Abstract:
UNASSIGNED: Junctional epidermolysis bullosa (JEB) is a rare, incurable, devastating, and mostly fatal congenital genetic disorder characterized by painful blistering of the skin and mucous membranes in response to minor trauma or pressure. JEB is classified roughly into 2 subtypes: JEB-Herlitz is caused by mutations on genes encoding laminin-332. The authors present a patient consulted with a suspicion of primary immunodeficiency due to skin sores that started at the age of 1 month and a history of 3 siblings who died with similar sores, who was diagnosed with JEB-Herlitz after detecting a homozygous LAMC2 gene mutation in WES analysis.

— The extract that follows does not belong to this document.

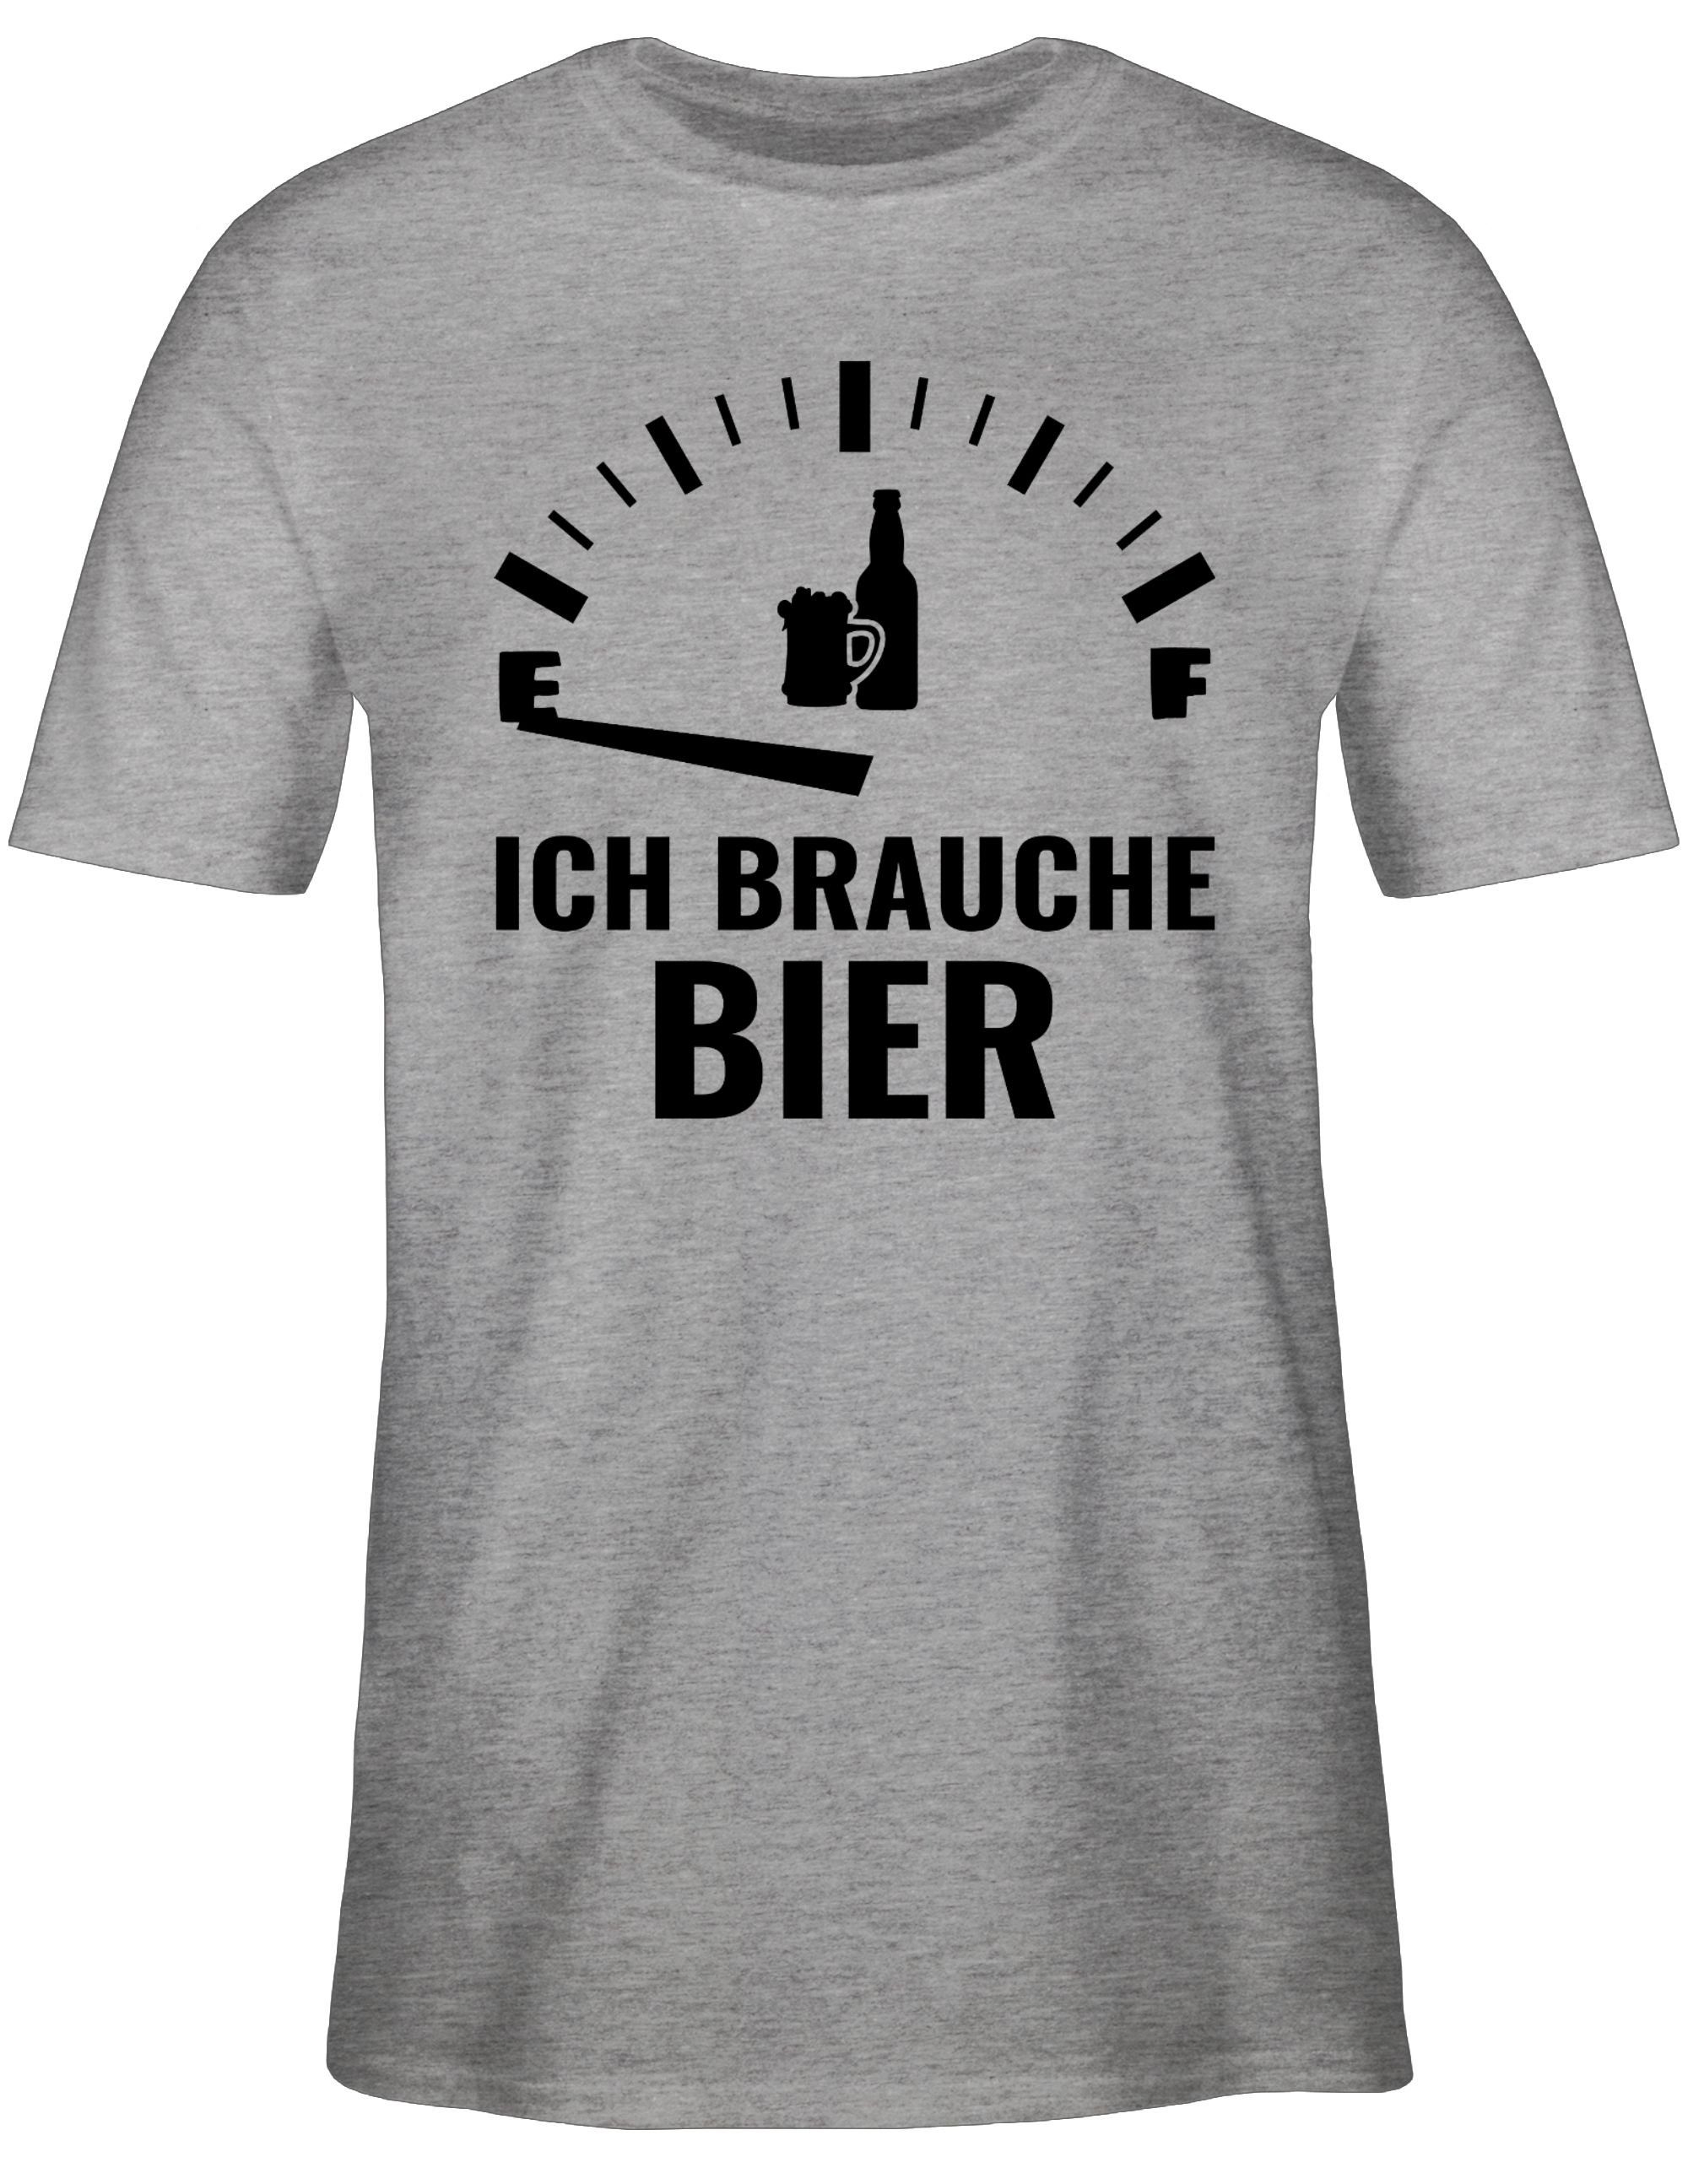 Sprüche Spruch schwarz T-Shirt brauche Grau Shirtracer 3 mit meliert - Ich Statement Bier
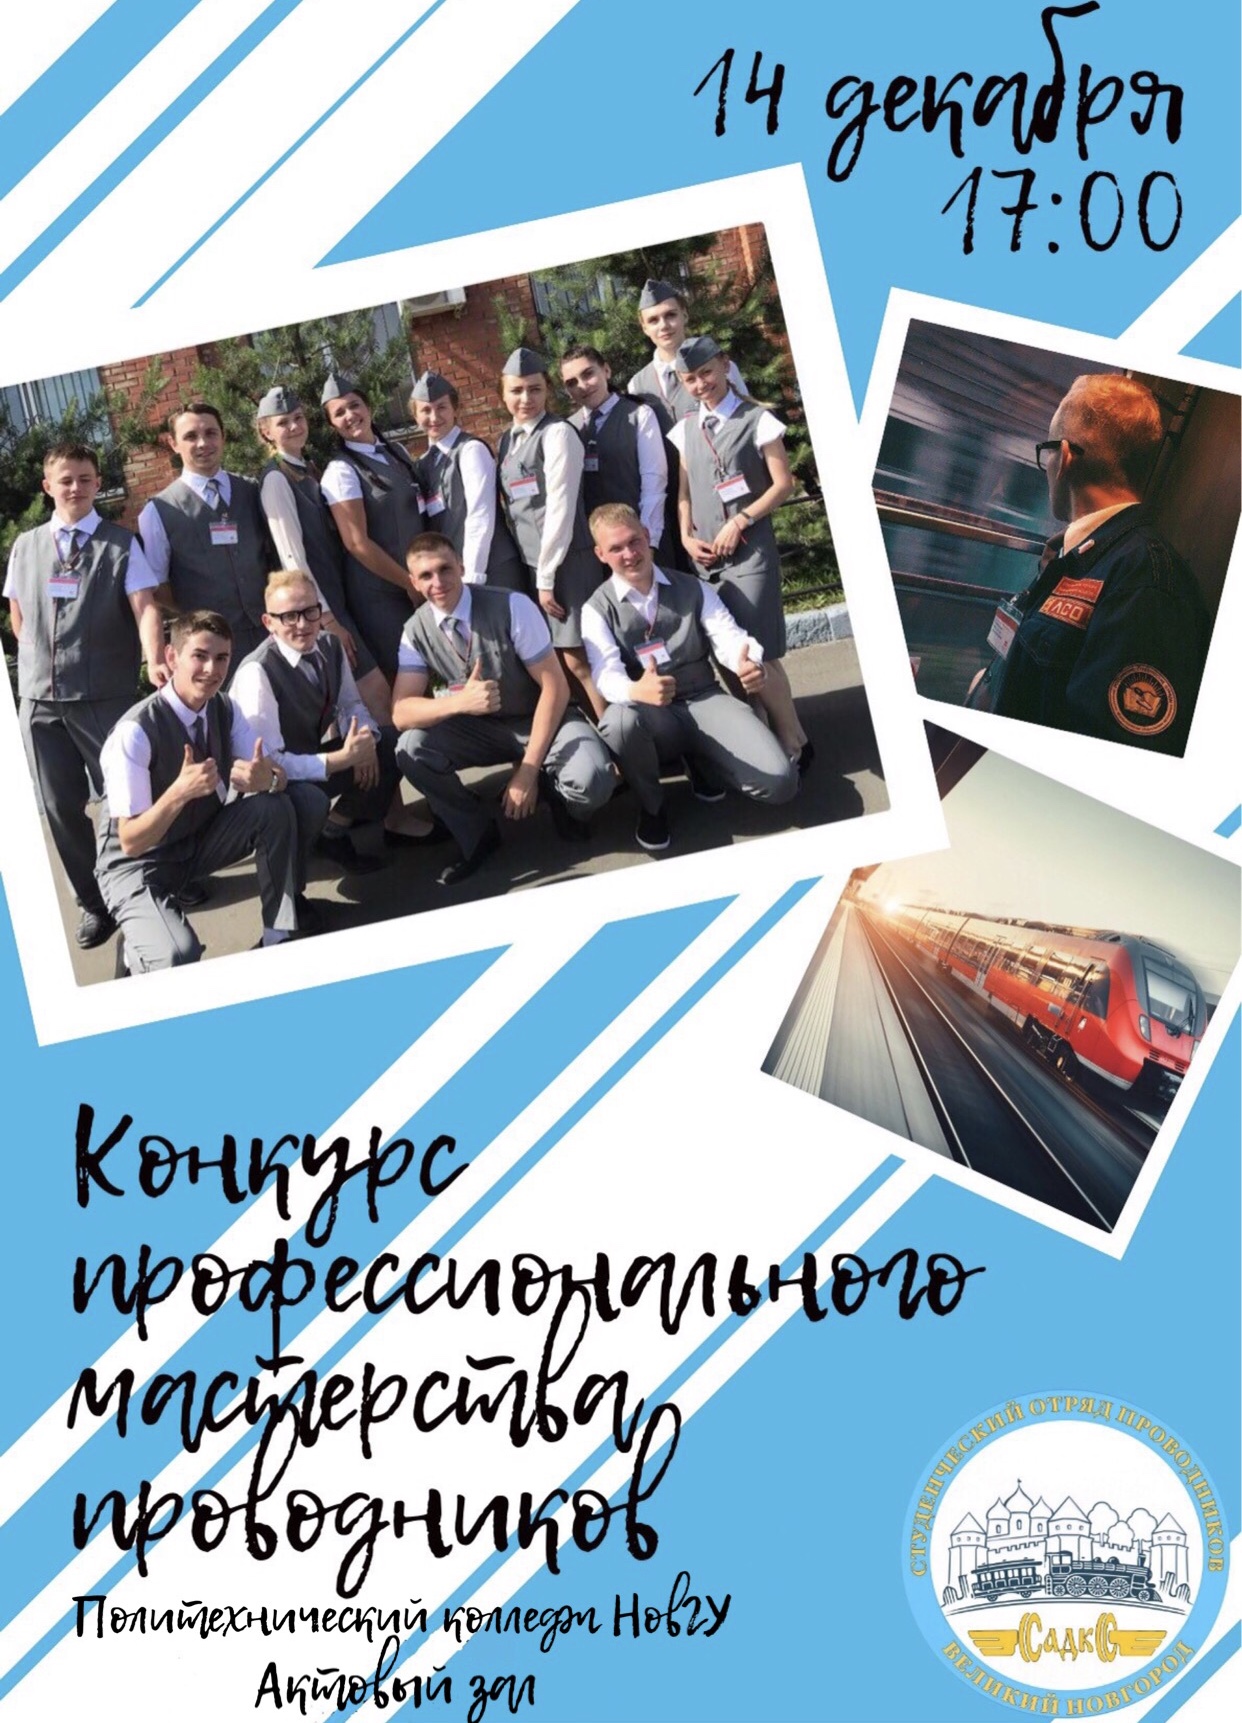 В Великом Новгороде пройдет студенческий конкурс профмастерства проводников

Microscopic evaluation of hematoxylin and eosin-stained sections showed vesicle formation with subepidermal separation, which is accompanied by striking neutrophil and eosinophil leukocyte infiltration both in the vesicle and papillary dermis (eosinophil-rich inflammatory infiltrate). Such a histopathological finding has been rarely reported in this condition.
摘要:
■连接性大疱性表皮松解症(JEB)是一种罕见的,无法治愈,毁灭性的,主要是致命的先天性遗传疾病,其特征是由于轻微的创伤或压力而引起的皮肤和粘膜疼痛性起泡。JEB大致分为2种亚型:JEB-Herlitz是由编码层粘连蛋白332的基因突变引起的。作者提出了一名患者,怀疑由于皮肤溃疡而引起的原发性免疫缺陷,该患者始于1个月大,并且有3名兄弟姐妹死于类似溃疡的病史。在WES分析中检测到纯合LAMC2基因突变后被诊断为JEB-Herlitz。苏木精和曙红染色切片的显微镜评估显示囊泡形成与表皮下分离,在囊泡和乳头状真皮中伴有醒目的中性粒细胞和嗜酸性粒细胞白细胞浸润(富含嗜酸性粒细胞的炎性浸润)。在这种情况下很少报道这种组织病理学发现。